**MATERIAL SUPPLIED**
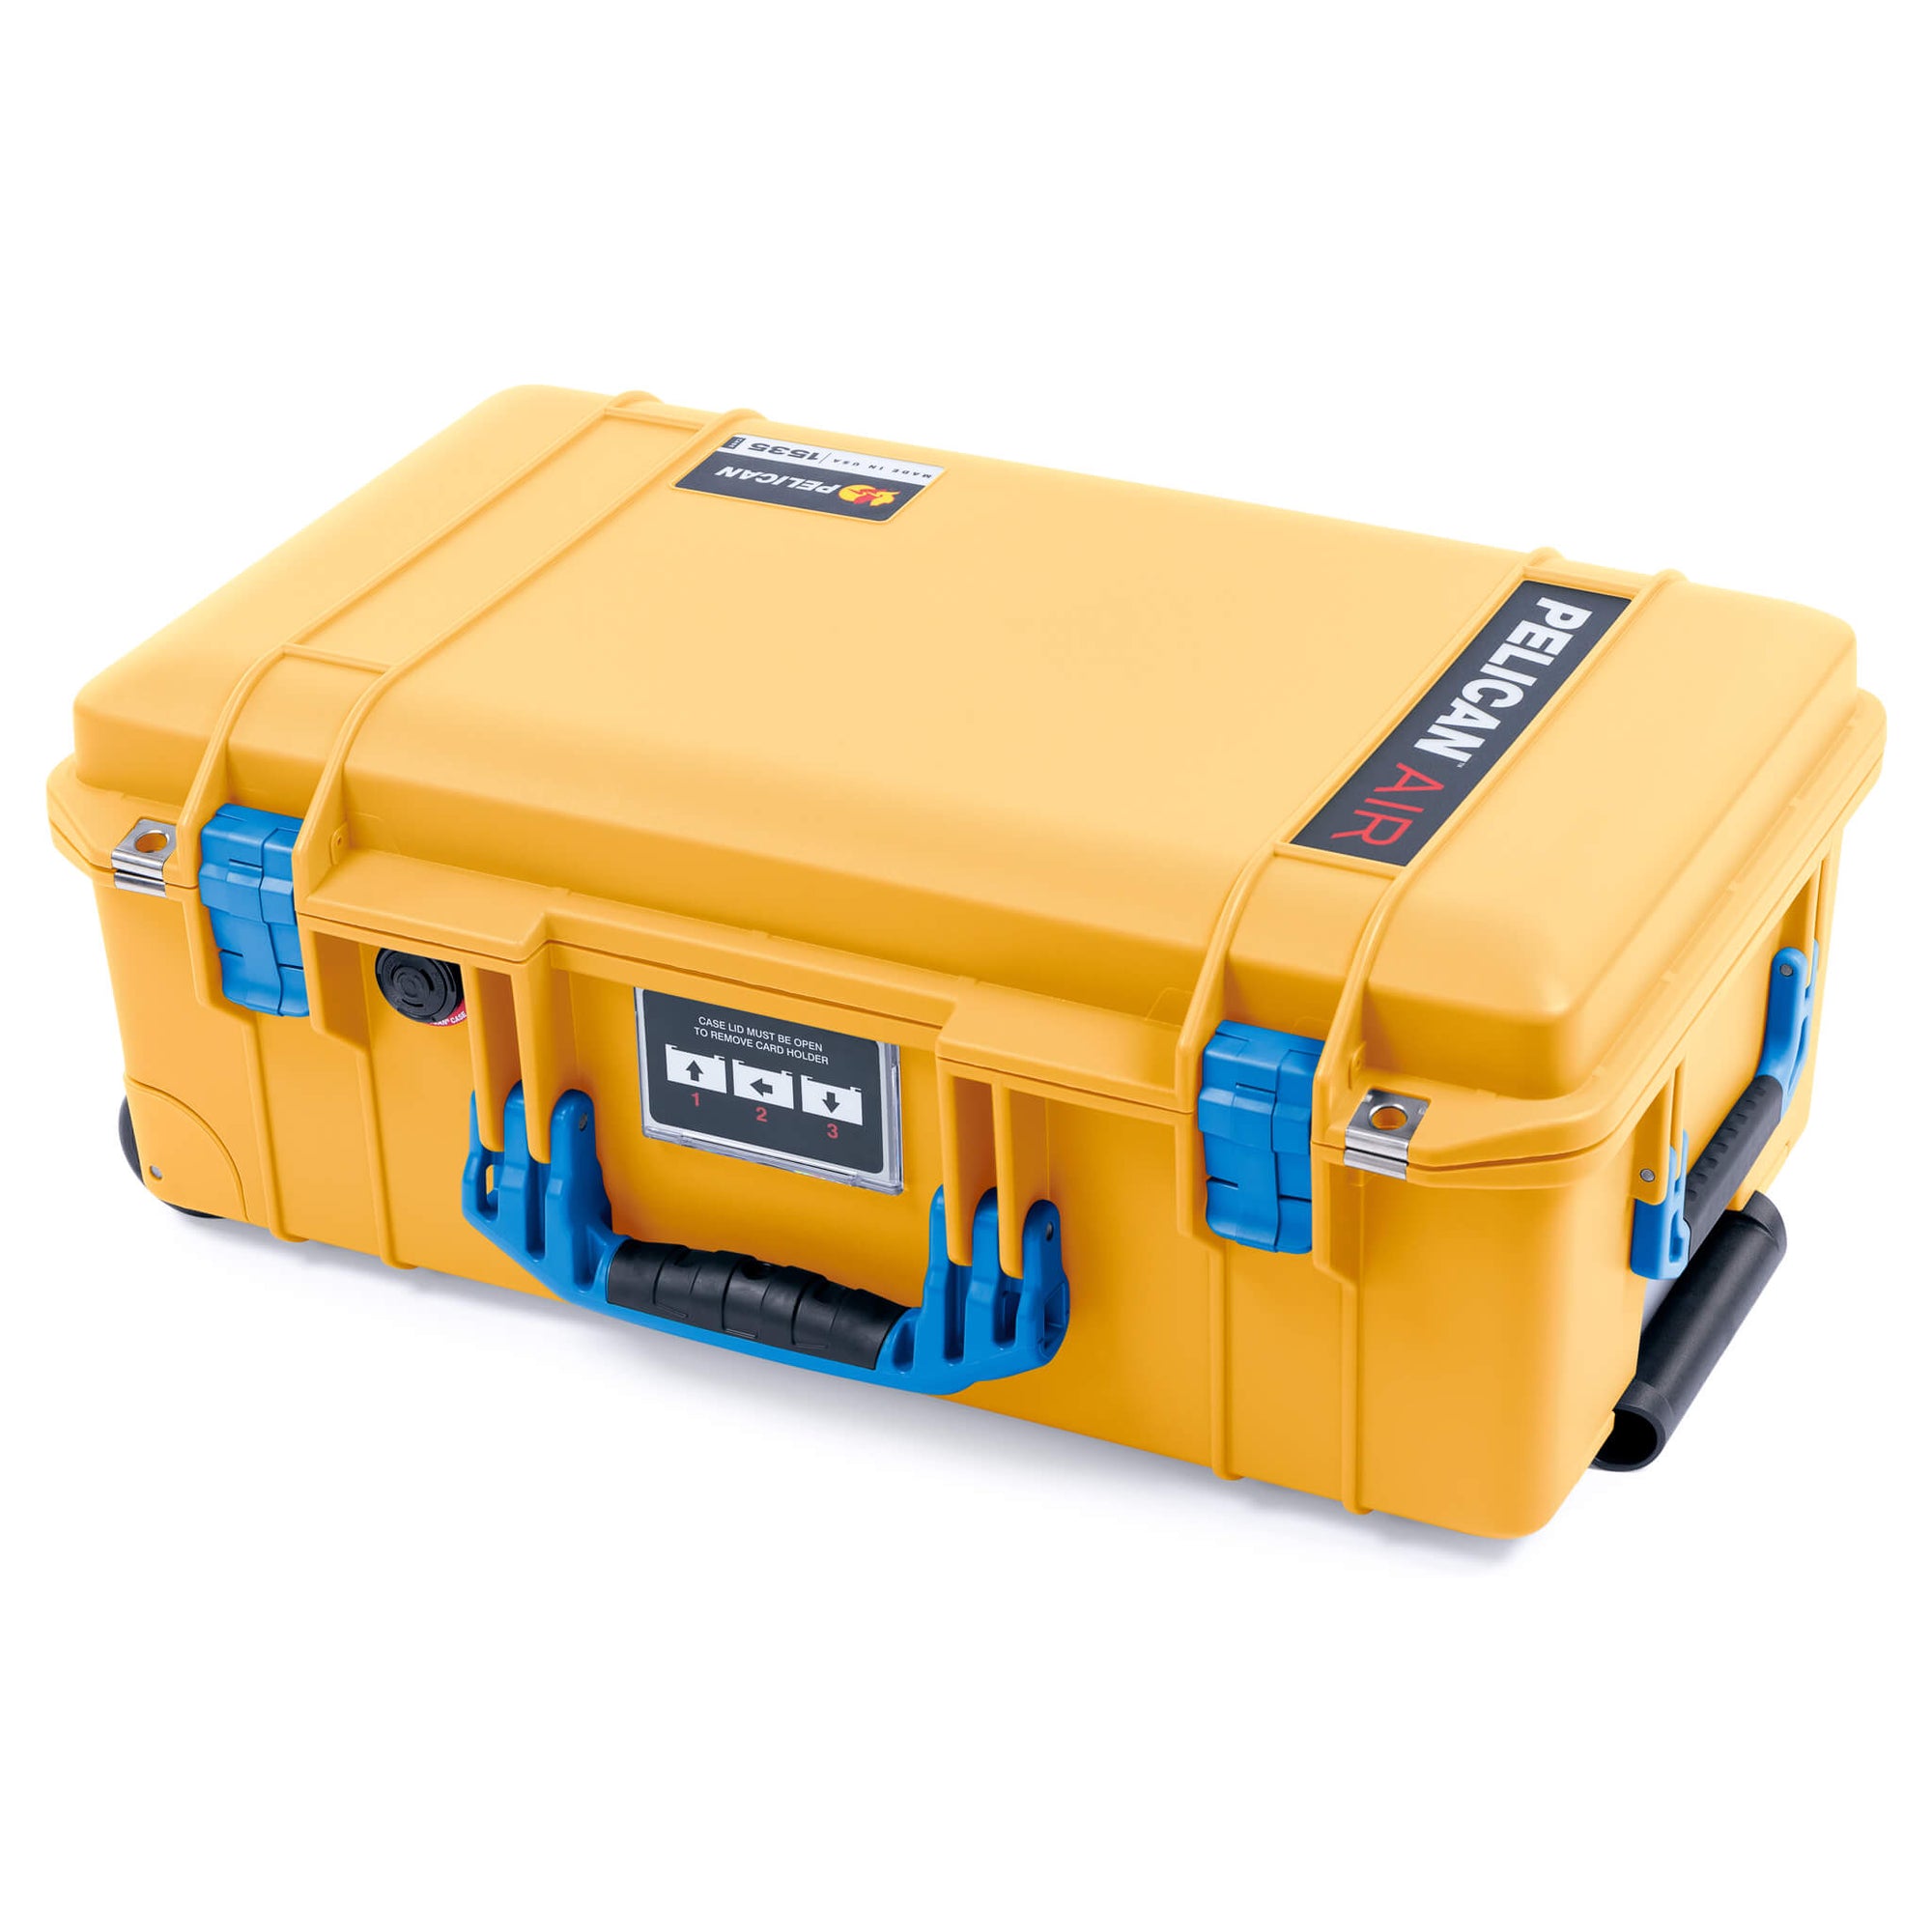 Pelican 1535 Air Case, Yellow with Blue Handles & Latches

...

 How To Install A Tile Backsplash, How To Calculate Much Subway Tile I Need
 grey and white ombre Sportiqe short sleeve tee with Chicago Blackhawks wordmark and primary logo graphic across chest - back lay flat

**WORK ORDER**
Using only the entries above, output the line with "How To Install", the line with "grey and white", and all lines between them, exactly as they stand.

**ANSWER SECTION**
 How To Install A Tile Backsplash, How To Calculate Much Subway Tile I Need
 grey and white ombre Sportiqe short sleeve tee with Chicago Blackhawks wordmark and primary logo graphic across chest - back lay flat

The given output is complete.